The SSL handshake is an authentication process. In which server and client authenticate to each other using a certificate. This certificate is generated by the user’s own self with the help of OpenSSL commands or it is provided by a third party (certificate authority). Below I am describing some steps which described the handshaking between the server and client.

  • At the beginning of the communication, the SSL/TLS client sends a “client_hello” message to the server. This message contains all the cryptographic information which is supported by the client, like highest protocol version of SSL/TLS, encryption algorithm lists (in the client’s order of preference), data compression method, resume session identifier and randomly generated data (which will be used in symmetric key generation).
  • The SSL/TLS server responds with a “server_hello” message to give all the things which are required to establish a connection like protocol version used, data compression algorithms and encryption method selected, assigned session id, and random data (which will be used in symmetric key generation).
  • The server sends a certificate to the client and also inserts a request message for the client certificate because the server required the client certificate for the mutual authentication.
  • The SSL or TLS client verifies the server’s digital certificate. For more information, see How SSL and TLS provide identification, authentication, confidentiality, and integrity.
  • If the SSL or TLS server sent a “client certificate request”, the client sends a random byte string encrypted with the client’s private key, together with the client’s digital certificate, or a “no digital certificate alert”. This alert is only a warning, but with some implementations, the handshake fails if client authentication is mandatory.
  • The SSL or TLS client sends the randomly generated data that enables both the client and the server to compute the secret key to be used for encrypting subsequent message data.
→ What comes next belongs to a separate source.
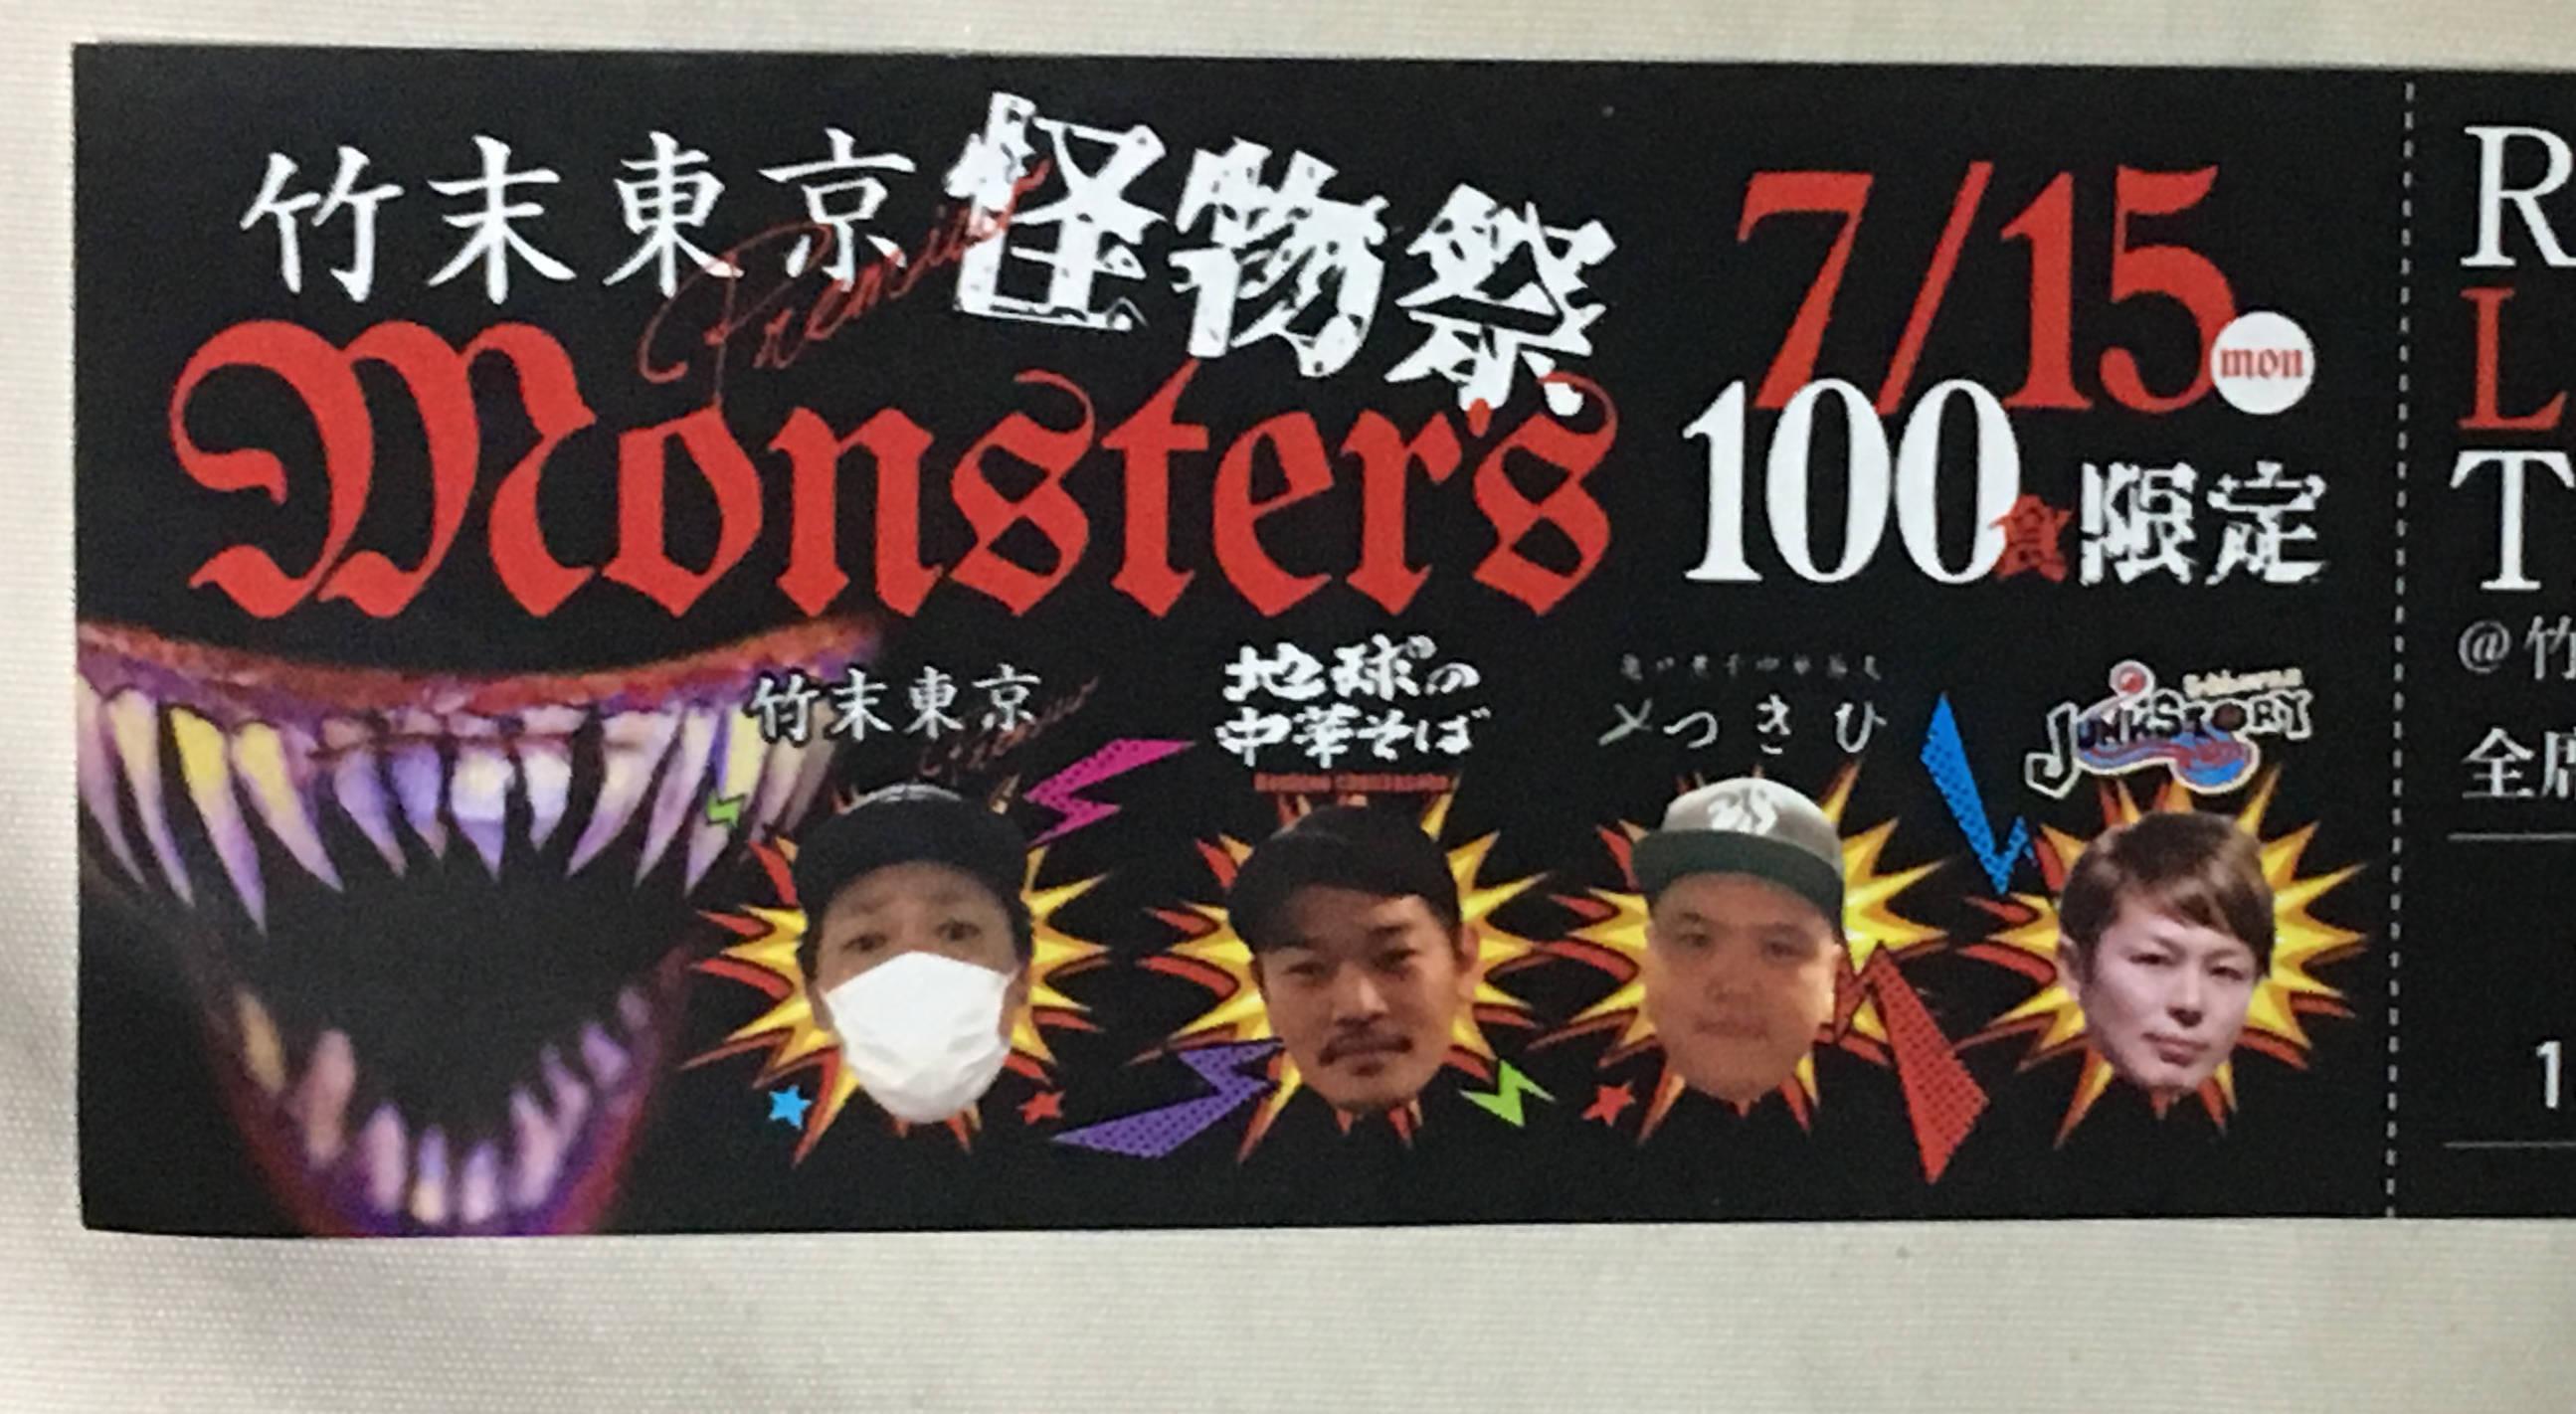 チケット:竹末東京プレミアム イベント「怪物祭」

The randomly generated data itself is encrypted with the server’s public key.
  • The SSL or TLS server verifies the client’s certificate.
  • The SSL or TLS client sends the server a “finished” message, which is encrypted with the secret key, indicating that the client part of the handshake is complete.
  • The SSL or TLS server sends the client a “finished” message, which is encrypted with the secret key, indicating that the server part of the handshake is complete.
  • For the duration of the SSL or TLS session, the server and client can now exchange messages that are symmetrically encrypted with the shared secret key.

What is the difference between HTTP and HTTPS?

HTTP stands for HYPERTEXT TRANSFER PROTOCOL. HTTP is the protocol that is used for viewing web pages. The HTTPS stands for SECURE HYPERTEXT TRANSFER PROTOCOL. It is Http with a security feature.

What’s the difference between TLS (Transport Layer Security) and HTTPS?

Basically, HTTPS is an implementation of TLS/SSL on top of the HTTP protocol, which is used to view the webpage. HTTPS is a secure version of the HTTP protocol. Now Google is penalizing the HTTP websites. Any website that uses HTTPS is, therefore, employing SSL/TLS encryption.